No apologies necessary, William's signature driving, off-kilter riffage paired with Way’s snarling and aggressive yet melodic vocals and the hard-hitting rhythmic duo of Grady Mackintosh on bass and Anne-Marie Vassilou on drums amp up White Lung’s position from ambassadors to the queens (and king) of Canandian noise rock.
Spawned from East Vancouver’s dirty DIY Emergency Room scene, White Lung formed in 2006 with guitarist Kenneth joining in 2009. From the beginning they were road warriors, touring regularly, even contemplating selling their underwear just to get on the road (they eventually opted for the more practical route of saving up funds.) White Lung broke out of their incestuous local scene and brought their music across Canada and the US. They continue to tour fanatically, their live shows have been called, “effortlessly engaging and enigmatic, harnessing a controlled violence that managed to be passionate without going the least bit over-the-top” by Exclaim! Magazine.

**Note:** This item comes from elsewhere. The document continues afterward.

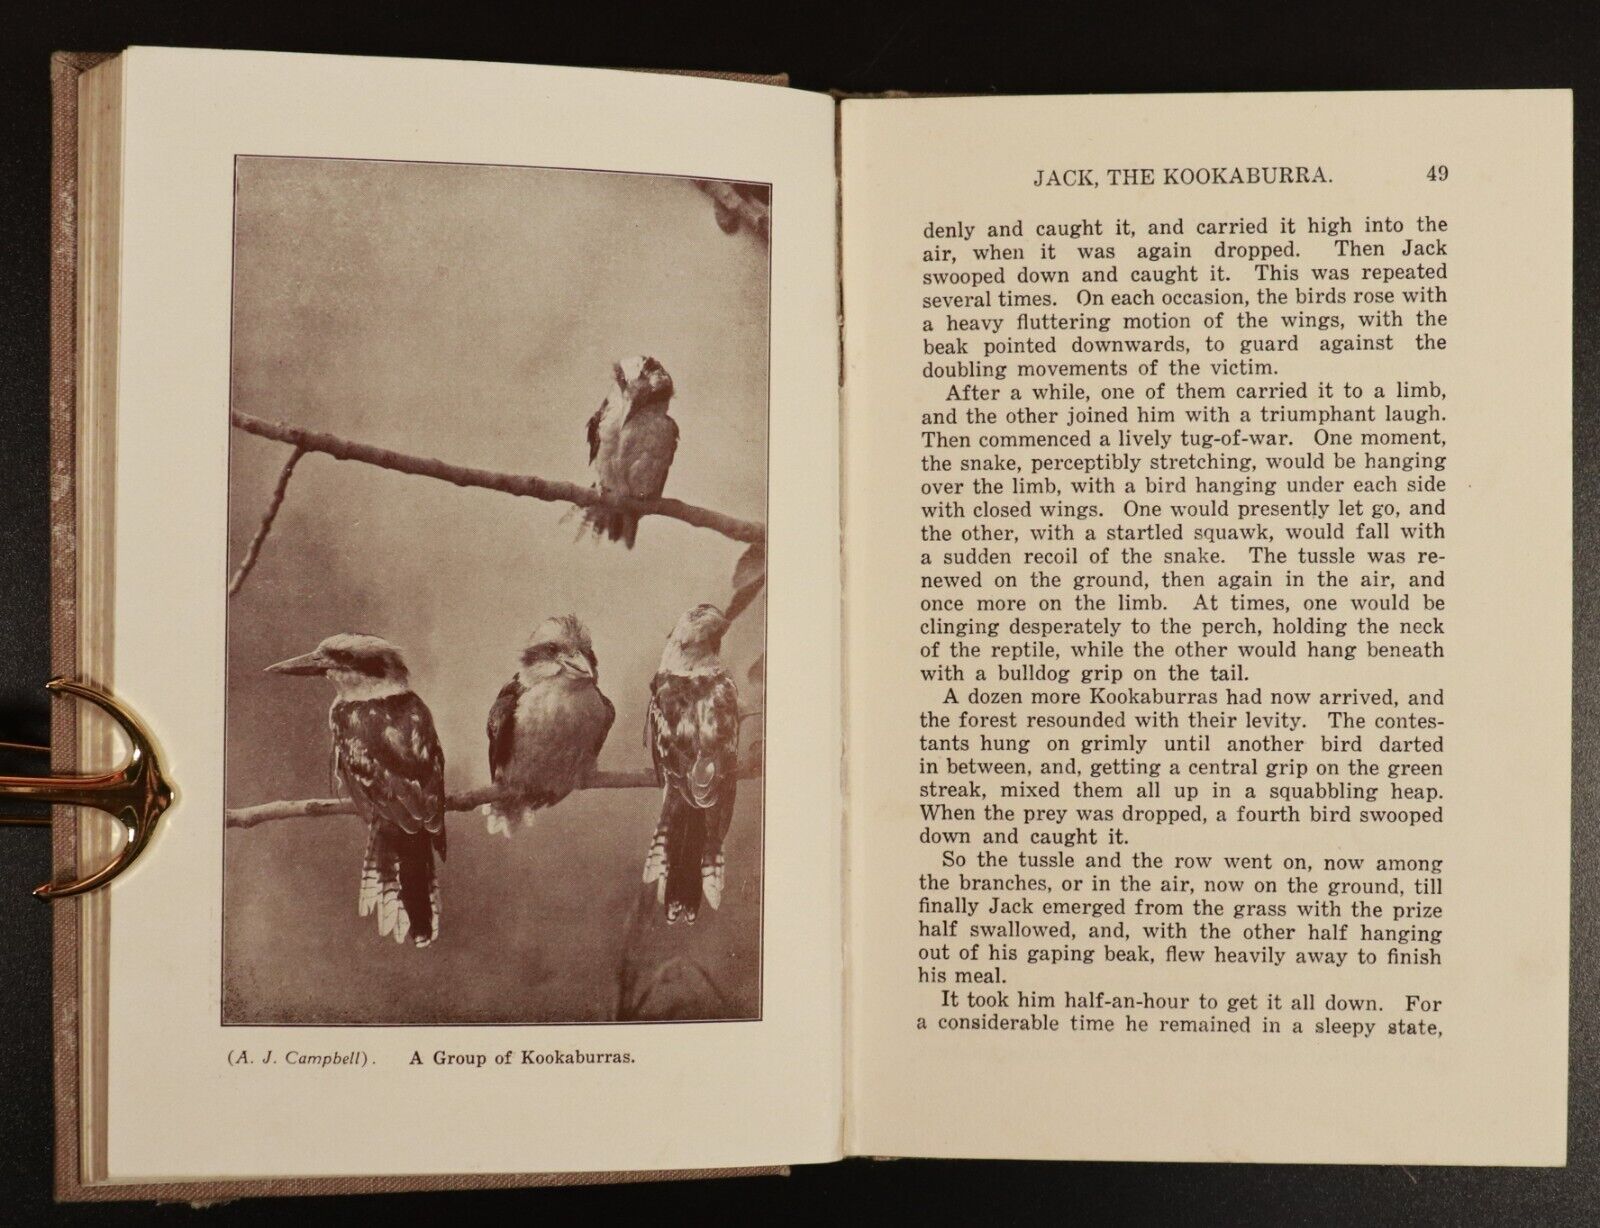 c1921 Spotty The Bower-Bird by E.S. Sorenson Antique Australian Childrens Book

The band’s disparate influences have resulted in a wealth of comparisons. Stylistically White Lung’s music has been called everything from noise rock to skate punk to post-riot grrl. According to Way, “When you like playing music you just want to learn, and that comes with playing as much as you can. White Lung is a really odd combination of four people who have pretty different influences.”
Bowing to the inevitable need for comparison, according to Vice Magazine, “White Lung combine the feral energy of the Germs with the taut, wiry dynamics of the Wipers and have released a string of singles that keep improving in a bewilderingly exponential fashion.” Also present in their sound are golden era Kurt and Courtney, The Bags, and Rocket from the Crypt. This wealth of influences doesn’t mean the band’s sound is hard to pin-down. Written and recorded nearly simultaneously, Sorry manages to be both raw and complex, thanks to White Lung’s focus on cohesive writing. According to Way, “We write as a unit now no matter how torturous that is. I worked really hard on melody on this record. It's unforgiving but it's melodic. I wanted that. At some points we were finishing songs the night before going to the studio. It was so immediate and really stressed."
Sorry may have been stressful to record, but it’s a joy to listen to. It signals a new era for White Lung, featuring denser more melodic songs that maintain the rough edge of their punk pedigree.